The Deloitte hack focused primarily on U.S.-based operations and spurred an internal investigation that’s lasted six months so far. The responsible parties have yet to be identified, though, and Deloitte hasn’t released any specific details on how many clients were affected.

In other news

  • A bug in the most recent version of Internet Explorer exposes whatever is entered into the address bar — such as website addresses or searches — to hackers. Security researcher Manuel Caballero disclosed the flaw in a blog post this week. “When a script is executed inside an object-html tag, the location object will get confused and return the main location instead of its own,” Caballero wrote. “To be precise, it will return the text written in the address bar so whatever the user types there will be accessible by the attacker.” This means that whatever a targeted user types into the address bar can be viewed by a malicious actor. Caballero’s proof of concept shows that malicious sites can view information the user assumed was private. He also expressed his concerns about Microsoft’s handling of Internet Explorer. “In my opinion, Microsoft is trying to get rid of IE without saying it. It would be easier, more honest to simply tell users that their older browser is not being serviced like Edge,” he said.

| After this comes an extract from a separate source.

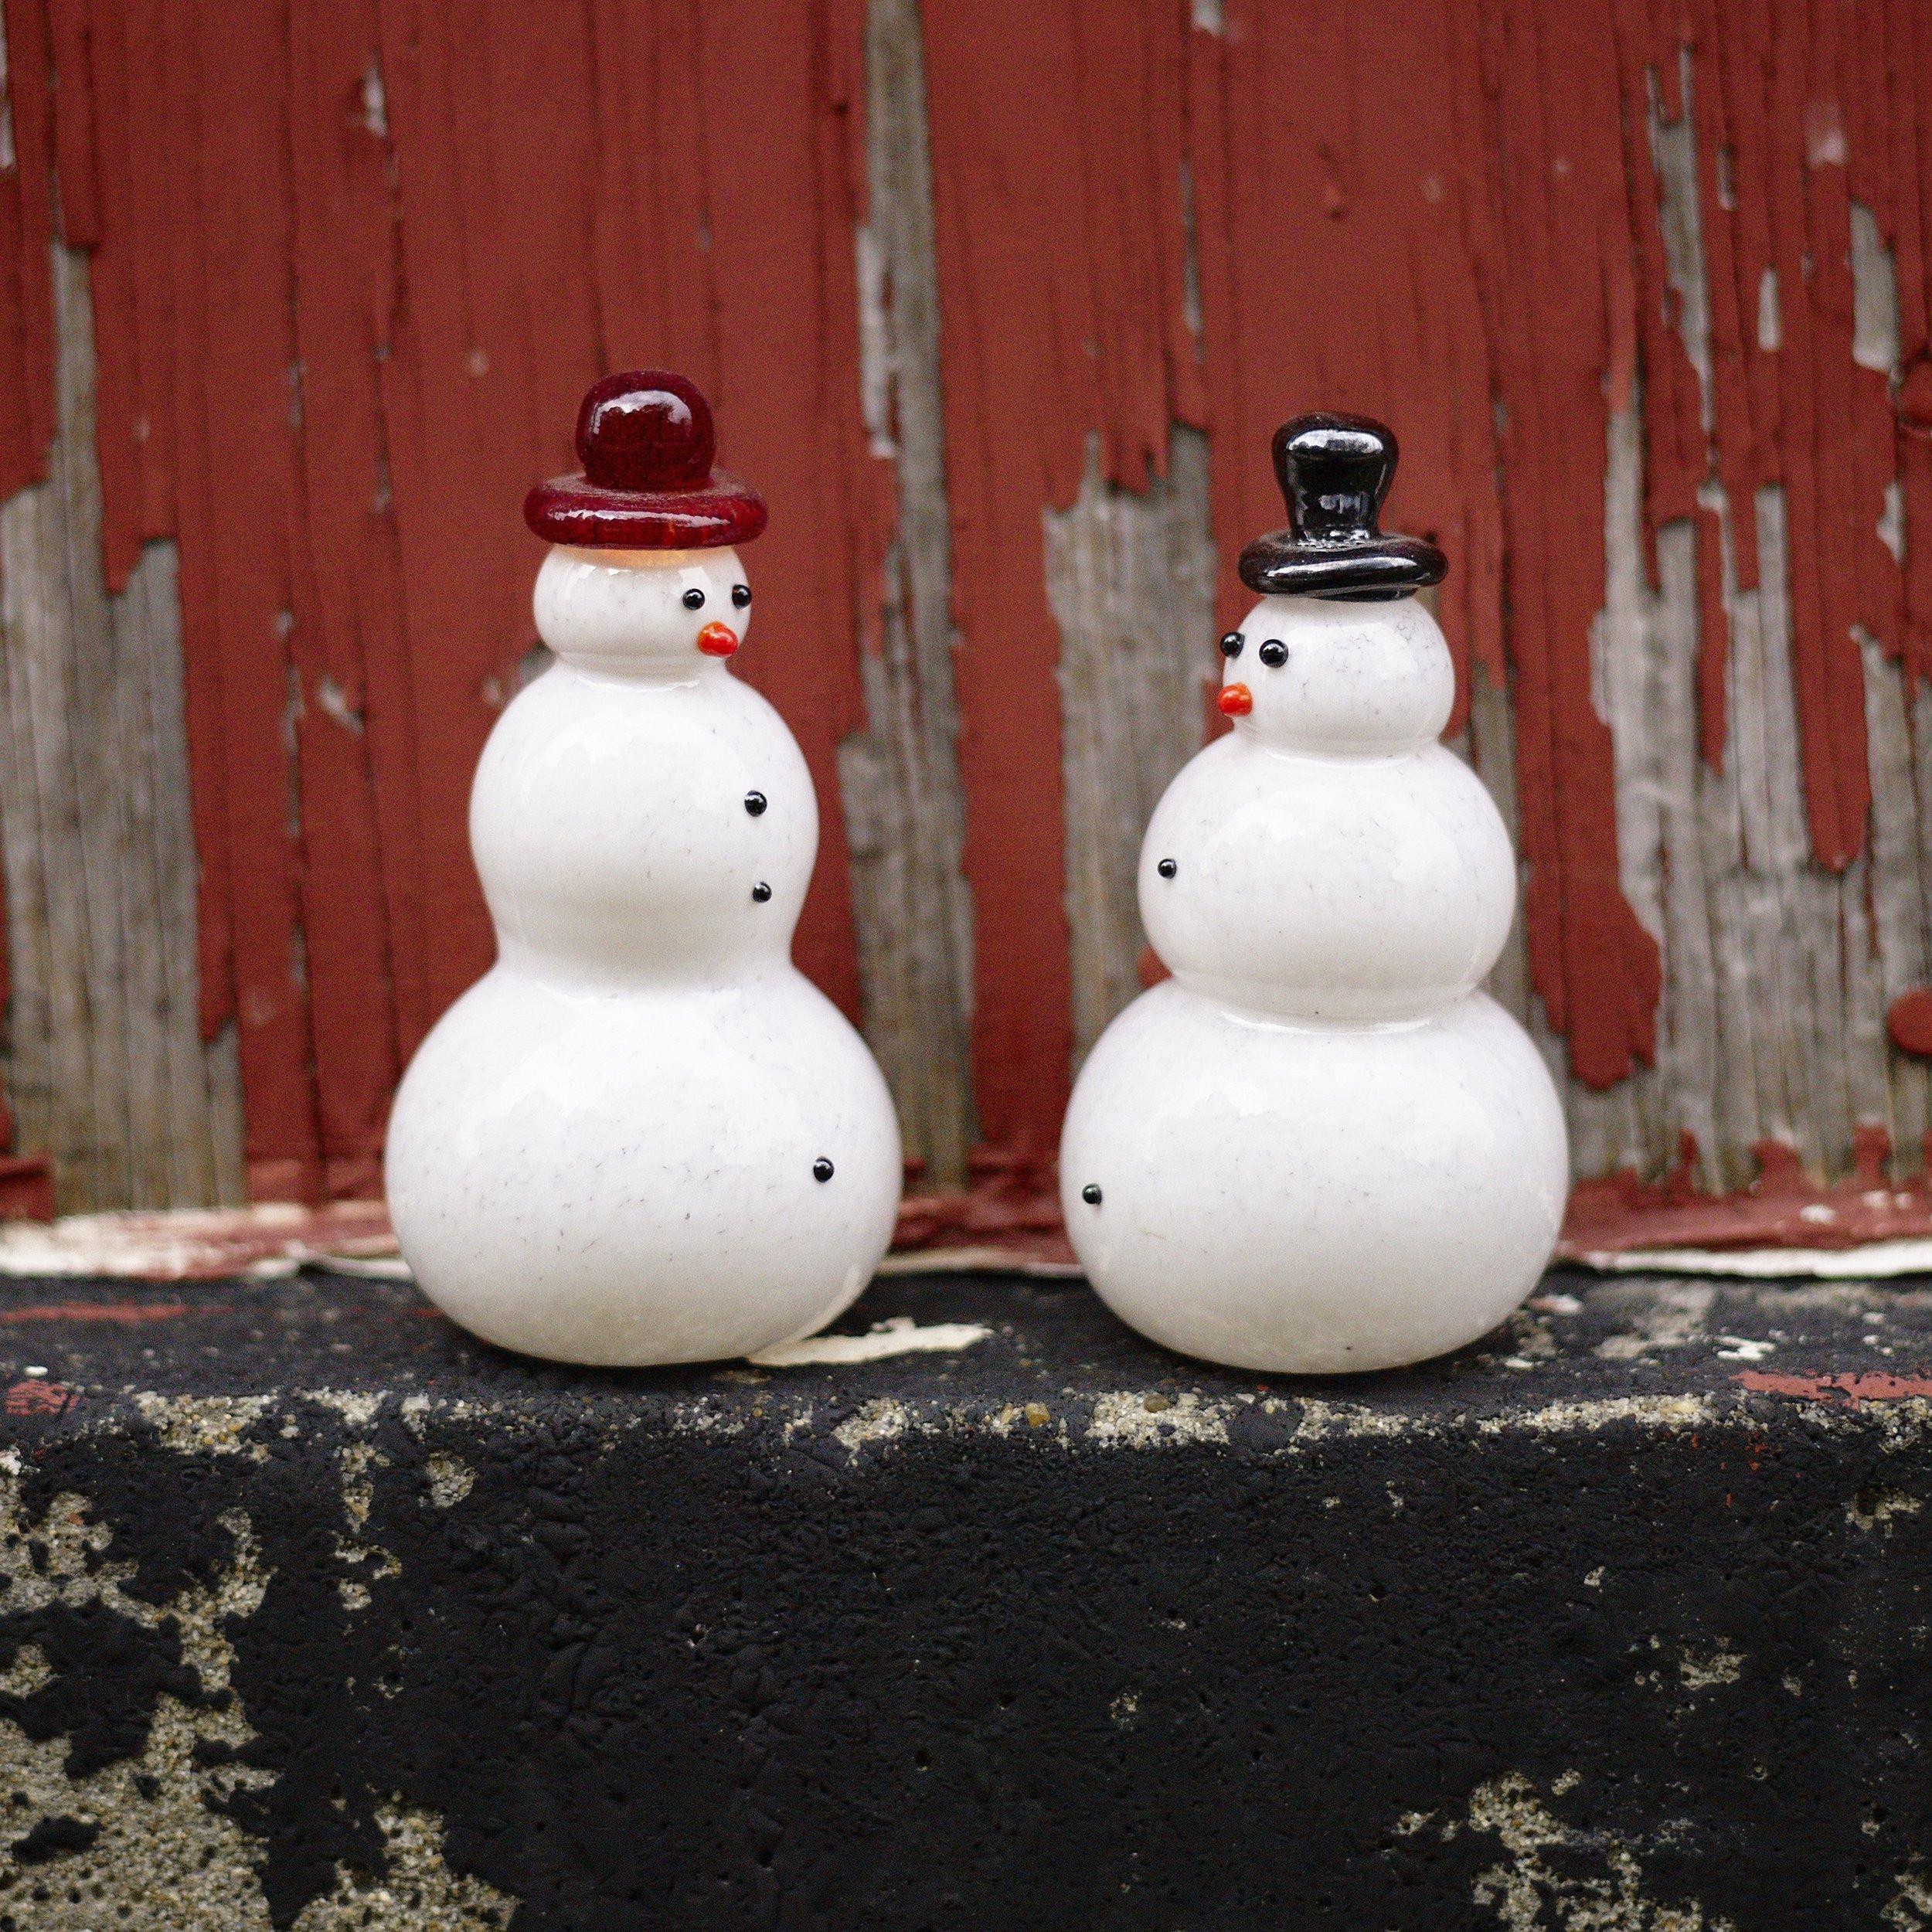 Snowfolkjpg.jpg

  • The United States has asked China not to enforce its Cybersecurity Law that was passed in November 2016 and went into effect in June this year. In a document submitted to the World Trade Organization, the U.S. said “China’s measures would disrupt, deter, and in many cases, prohibit cross-border transfers of information that are routine in the ordinary course of business.” The Cybersecurity Law states that any “network operators” in China, including any local or international firms that collect data, must store all user data within China. The U.S. argued in the document that “such a broad definition” of network operators “could have a negative impact on a wide range [of] foreign companies.” It also raised concerns that “the measures, which pertain to ‘important data’ and ‘personal information,’ would severely restrict cross-border transfers unless a broad set of burdensome conditions are met.” The U.S. noted some other concerns in the document and requested that China “refrain from issuing or implementing final measures until such concerns are addressed.”
  • Oracle released out-of-band patches for the latest Apache Struts 2 vulnerability, tracked as CVE-2017-9805, a month before its scheduled quarterly Critical Patch Update. In its blog post announcing the availability of the patches, Oracle noted that a previous Apache Struts 2 vulnerability, left unpatched, was implicated in the “significant security incident” suffered by Equifax earlier this month. The patches were made available by the Apache Foundation for the popular web development framework on Sept. 5, but vendors like Oracle using the open source framework need to apply those patches to their own source code. “Oracle strongly recommends that customers apply the fixes contained in this Security Alert as soon as possible,” wrote Eric Maurice, director of security assurance at Oracle. “Furthermore, Oracle reminds customers that they should keep up with security releases and should have applied the July 2017 Critical Patch Update (the most recent Critical Patch Update release).”